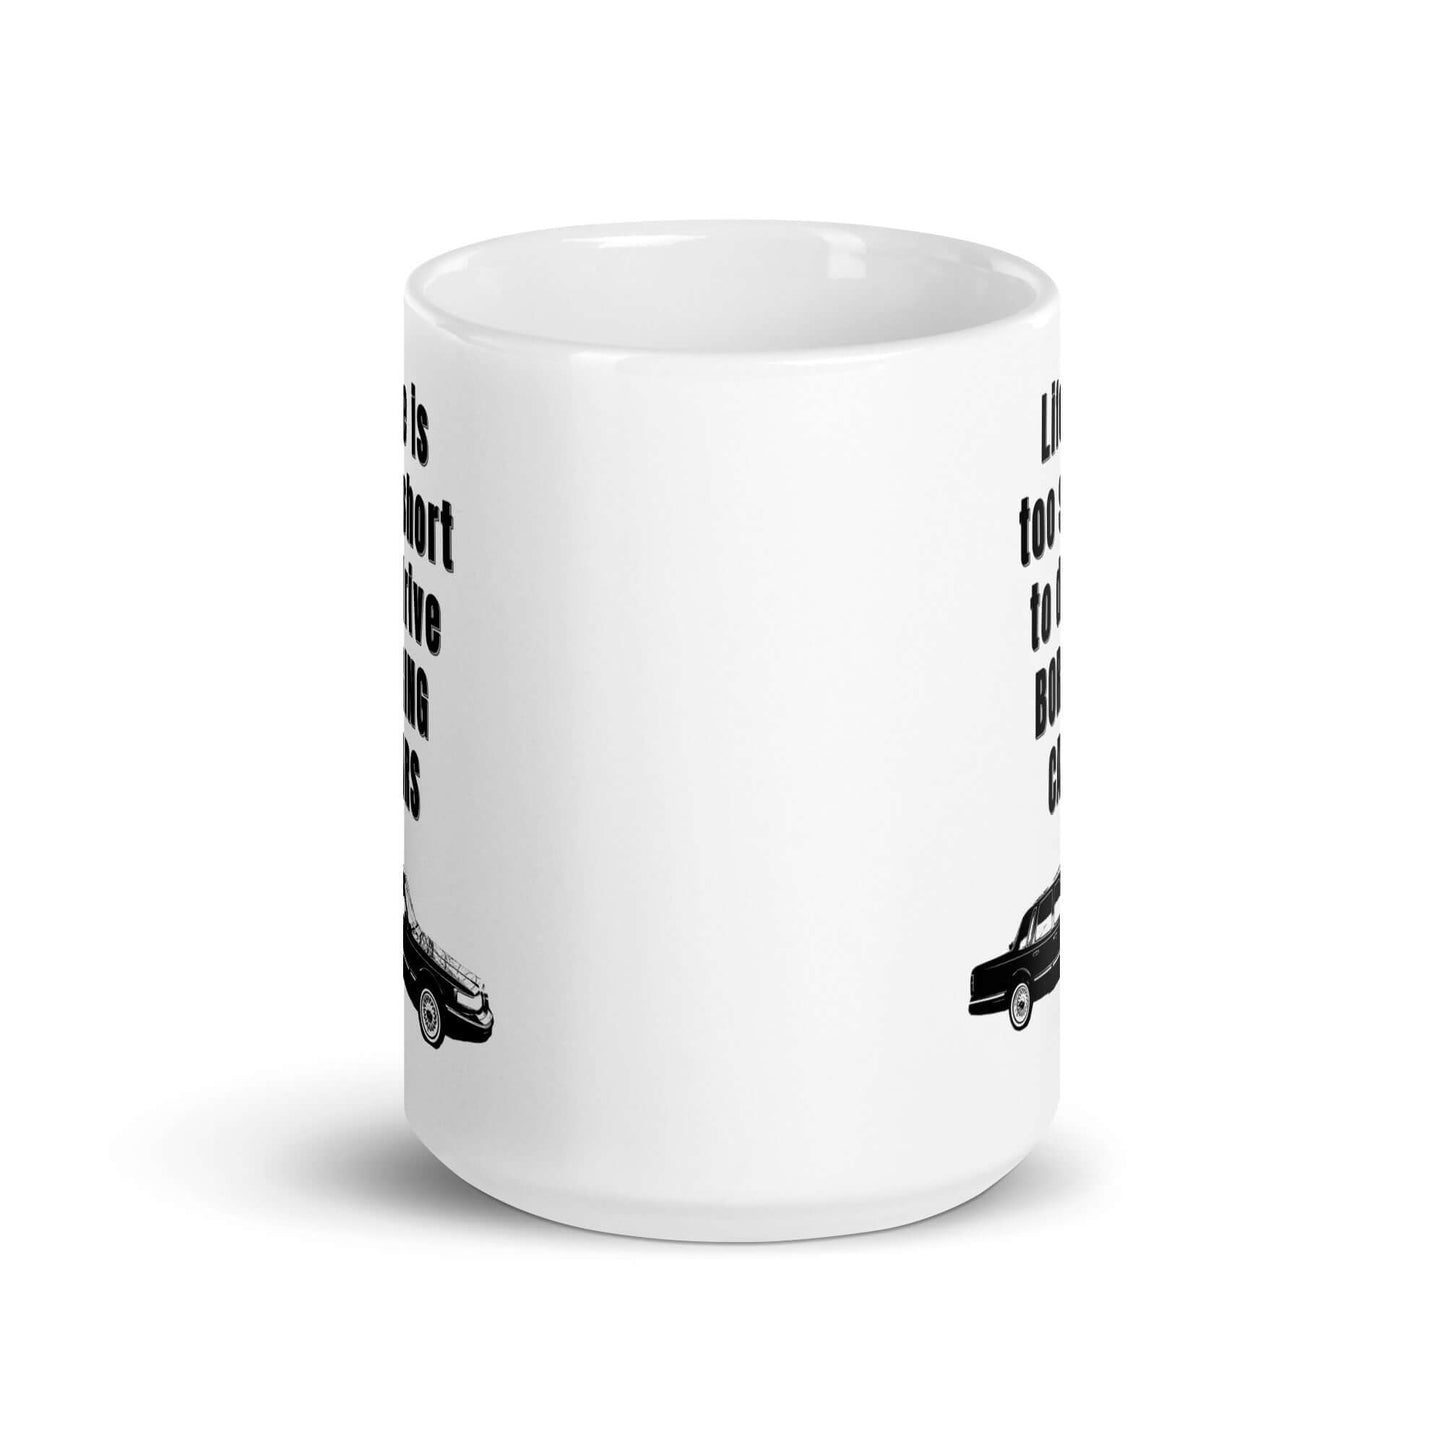 Life is too short to drive boring cars - 1997 Lincoln Town Car - White glossy mug - Horrible Designs
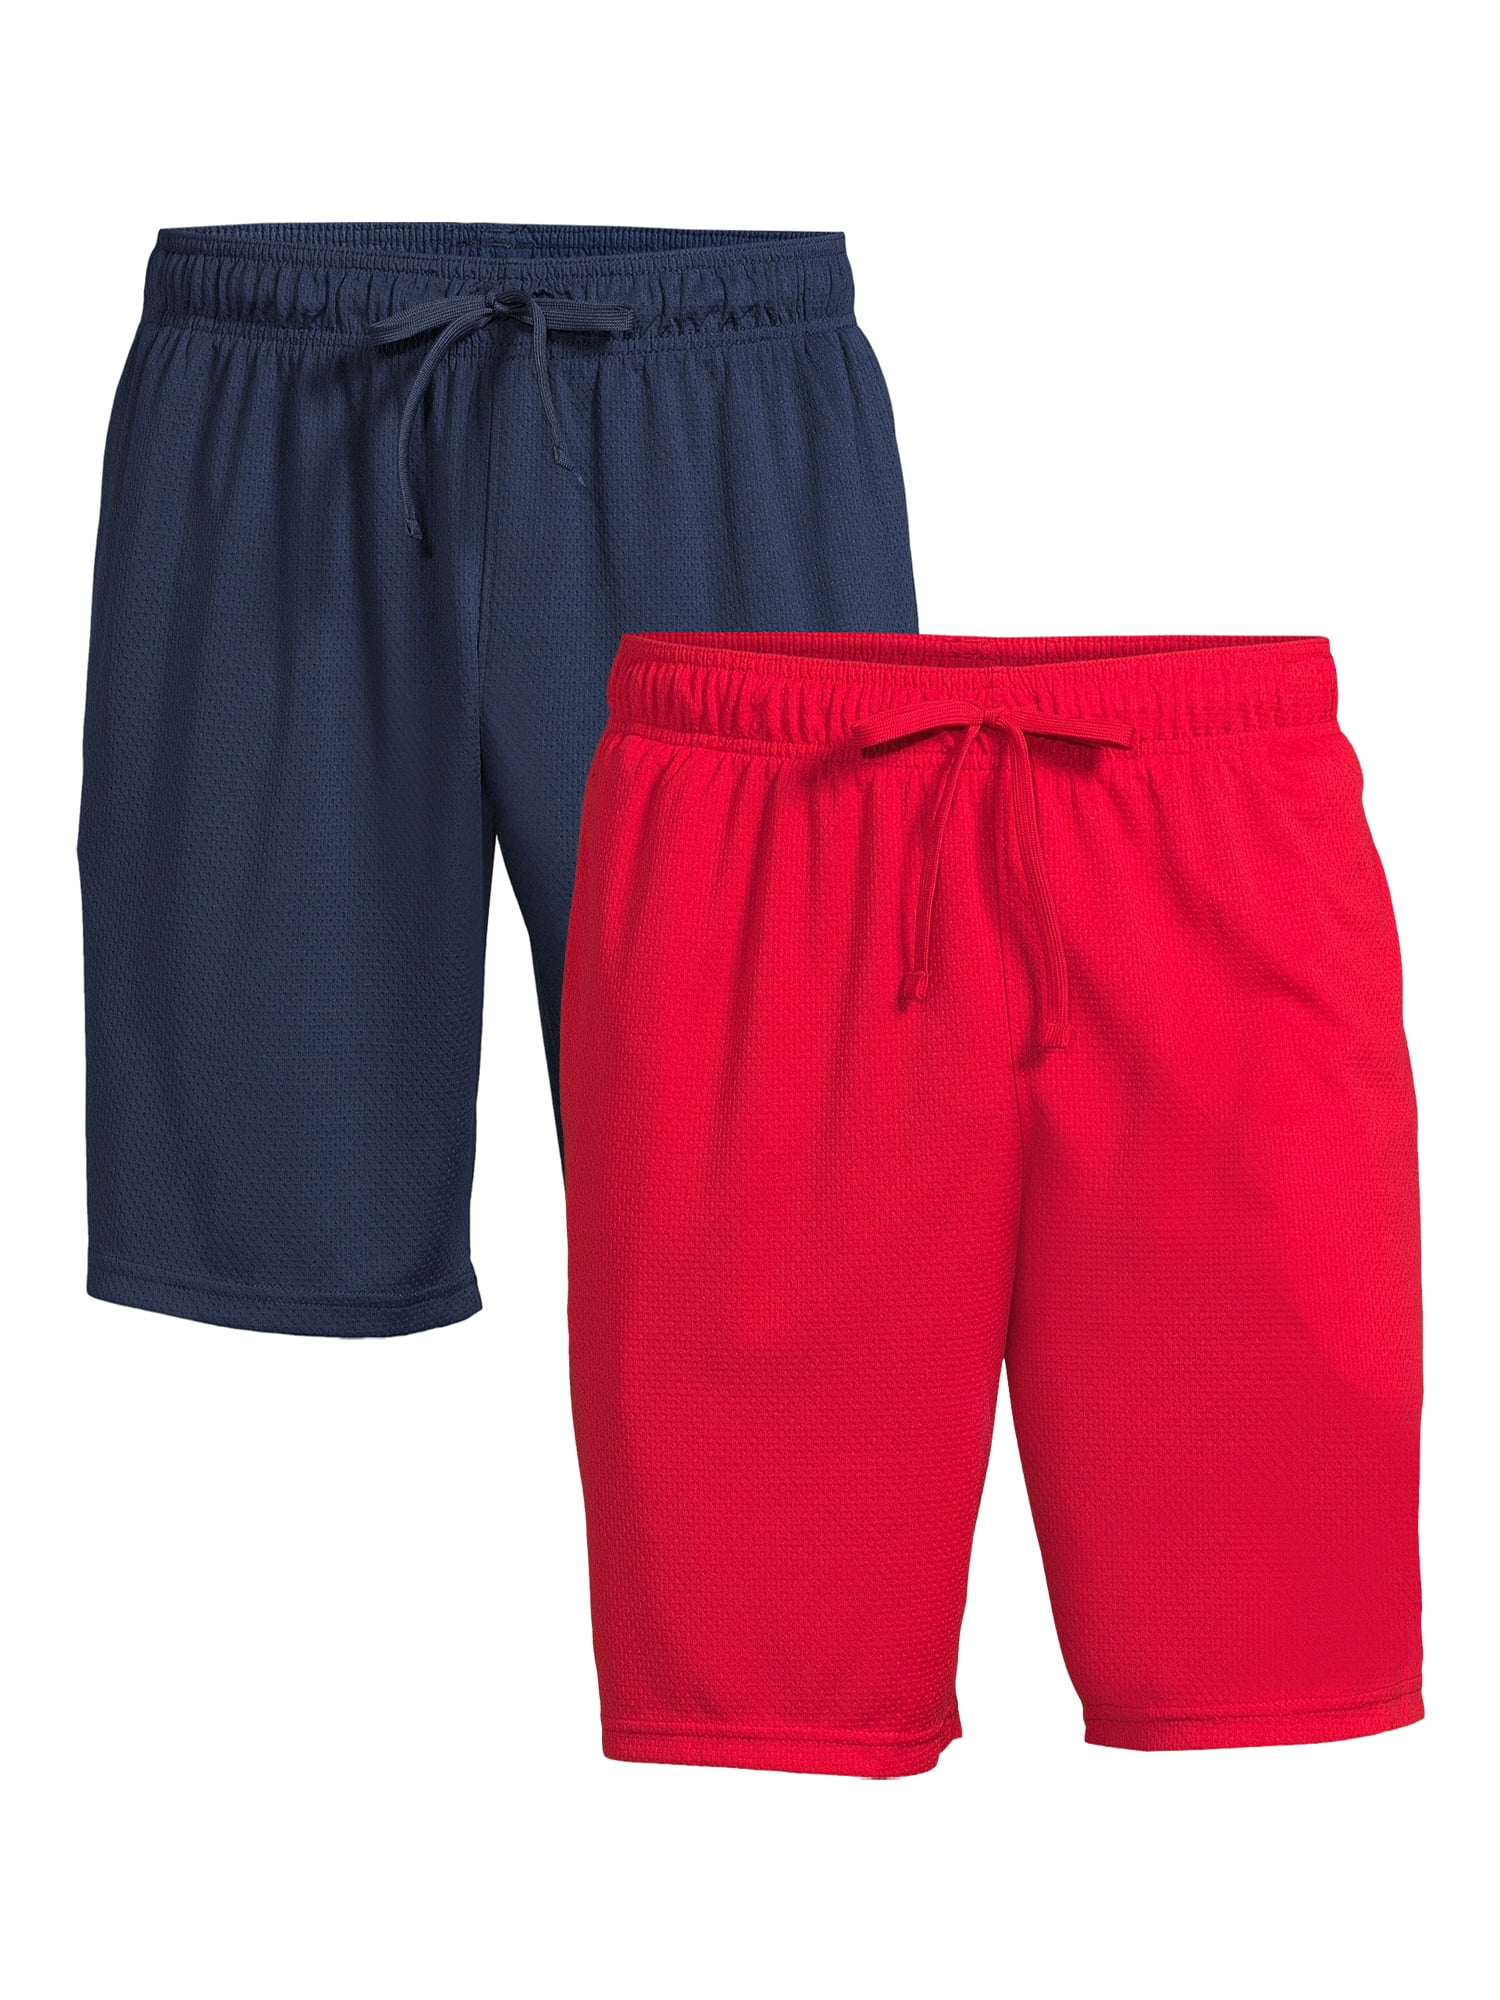 Athletic Works Men's and Big Men's Active Dazzle Shorts, 2-Pack, Up to ...
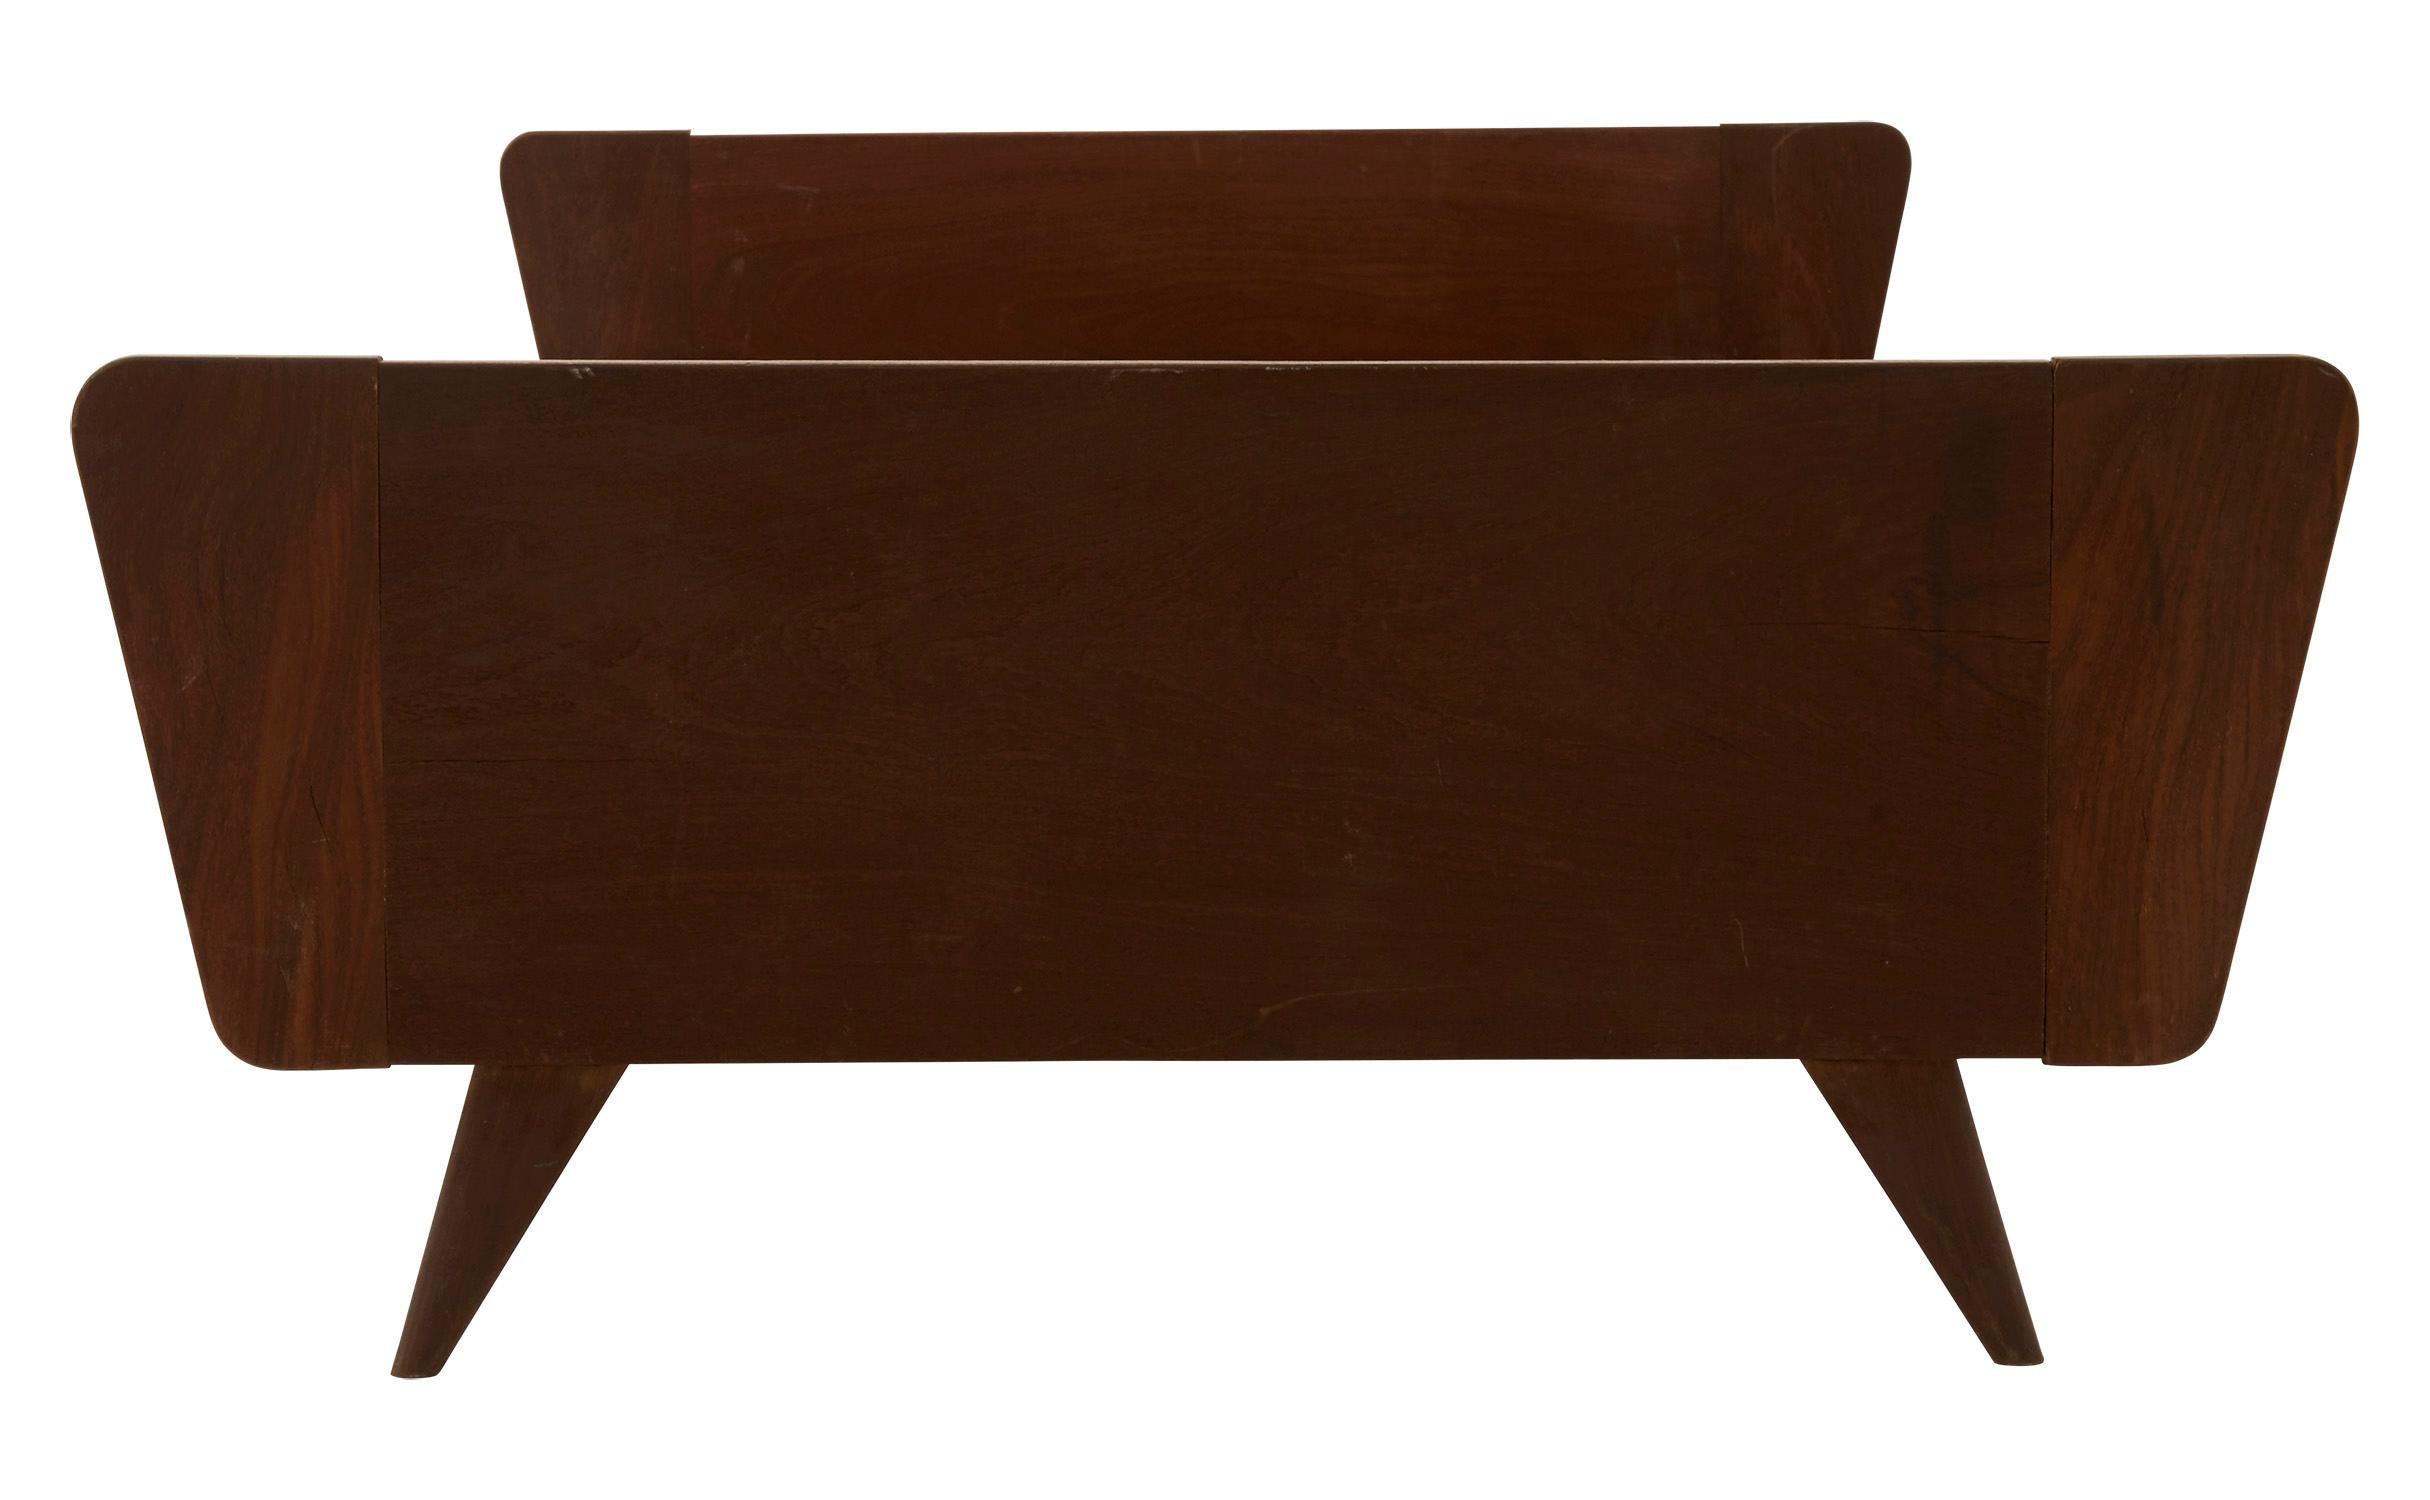 Spanish Mid-Century Modern Cane Seat Daybed

» **Exercise description**: Beginning with the line containing "Athletic Works Men's" and ending with the last line of the material, output each line exactly; do not include pictures.

» **Exercise solution**:
 Athletic Works Men's and Big Men's Active Dazzle Shorts, 2-Pack, Up to ...
 Spanish Mid-Century Modern Cane Seat Daybed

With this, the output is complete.